# B12 reliability/problem



## LSDisk0 (Dec 8, 2011)

so friday i went to san fransisco, 400 mile drive from LA up there, 6, almost 7 hour drive to there going through hilly areas then it was just straight open road up the i-5 for 4 and a half hours. my engine was great when i got there and when i went to head back to LA about..... 200-250 miles into my trip my engine started to tick really obnoxiously.
turned the car off for about an hour to cool it down let the fan run with motor off for about 15 minutes then another 45 for air cooling. got some food and when i went to leave turned the car on and the engine sounded, well like a diesel. the higher the RPM the faster the tick. checked my oil it was super dirty. changed the oil when i woke up this afternoon hoping that it might dissipate the sound a bit, did nothing.
its coming from one of the left cylinders. 
now when the cars cold it does it and the sound dies down A LOT when its warm, but last night when the car was cold, warm, or about to over heat it did it.
Im thinking either I need to do a valve job, valve/rocker adjustment, or im gonna need to replace my lifters.
What do I have to do?  
and if its not MAJOR im not gonna do it till i have money so I can change my valve cover so its not so dull and grey, or just paint the one i have now.


----------



## Crazy-Mart (Jul 14, 2002)

ga16i or e16 ?.. e16 have mecanical lifter that are ajustable... the ga16 one has hydrolic lifters.....


----------



## LSDisk0 (Dec 8, 2011)

I have a GA; but the rockers are still adjustable.
My car stopped making the noise, I think it was just the bad gas that was in it....


----------



## fairlanephantom (Feb 3, 2010)

I ran into this before when I did a head gasket on my E16. With a rubber hose I listened to the engine and it sounded like cylinder one was ticking really bad Ben after valve adjustment.
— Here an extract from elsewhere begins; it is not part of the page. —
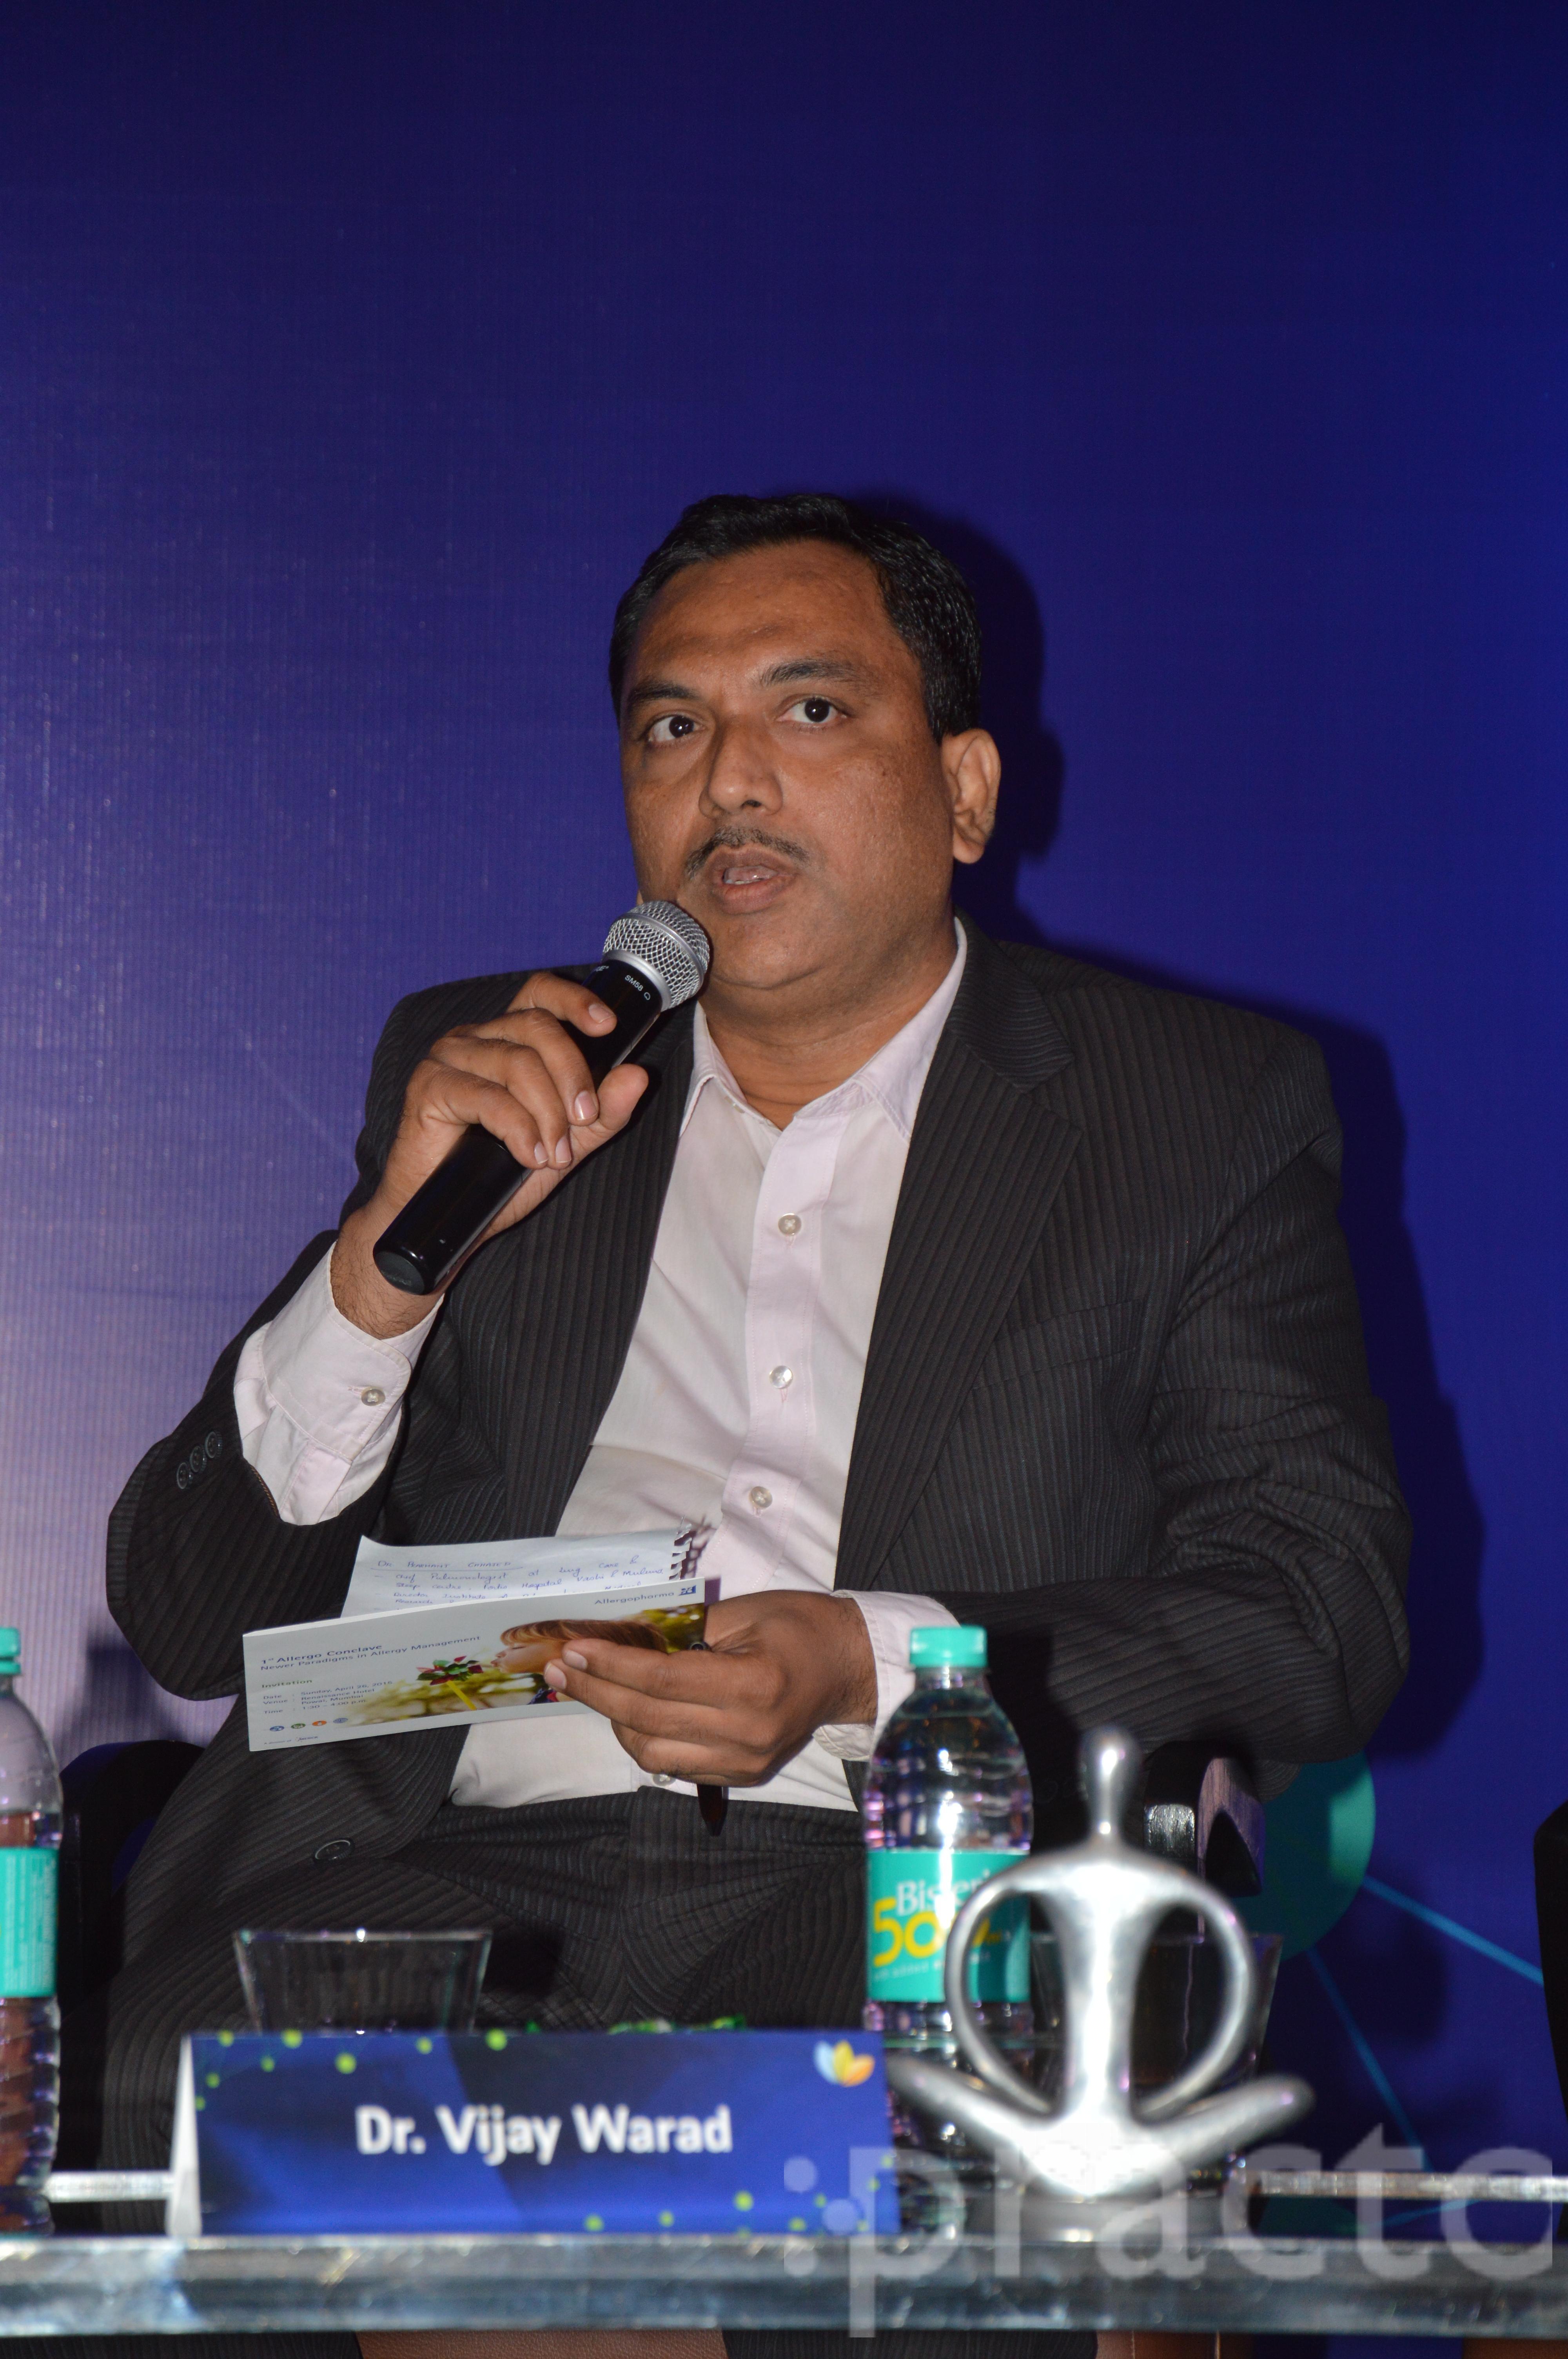 Dr. Vijay Warad - Dermatologist

Turned out to be a bad exhaust manifold gasket, the gasket set still goes for less than $10. I'd say try it out considering how easy it is on these.


----------



## LSDisk0 (Dec 8, 2011)

I blew my motor today, the problem I had was because it was low on oil. changed the oil and got cleaner gas and the problem went away.
I blew out my head gasket a couple days ago and had to keep driving it, thank god it wasnt so bad that it went into my oil it just poured out under my intake. put water in it every time i stopped driving; then on my way home it over heated and the cylinders seized up. so either gotta rebuild my GA16ca or just rebuild a SR20 and toss it in


----------



## Darkone121 (Aug 19, 2010)

LSDisk0 said:


> I blew my motor today, the problem I had was because it was low on oil. changed the oil and got cleaner gas and the problem went away.
> I blew out my head gasket a couple days ago and had to keep driving it, thank god it wasnt so bad that it went into my oil it just poured out under my intake. put water in it every time i stopped driving; then on my way home it over heated and the cylinders seized up. so either gotta rebuild my GA16ca or just rebuild a SR20 and toss it in


Damn dude, that sucks ass. I blew my GA16i driving on I-5 exiting in sacramento. I think the water pump stopped working or the thermostat was most likely bad. -_-

Currently putting a CA18 in mine now though. :]


----------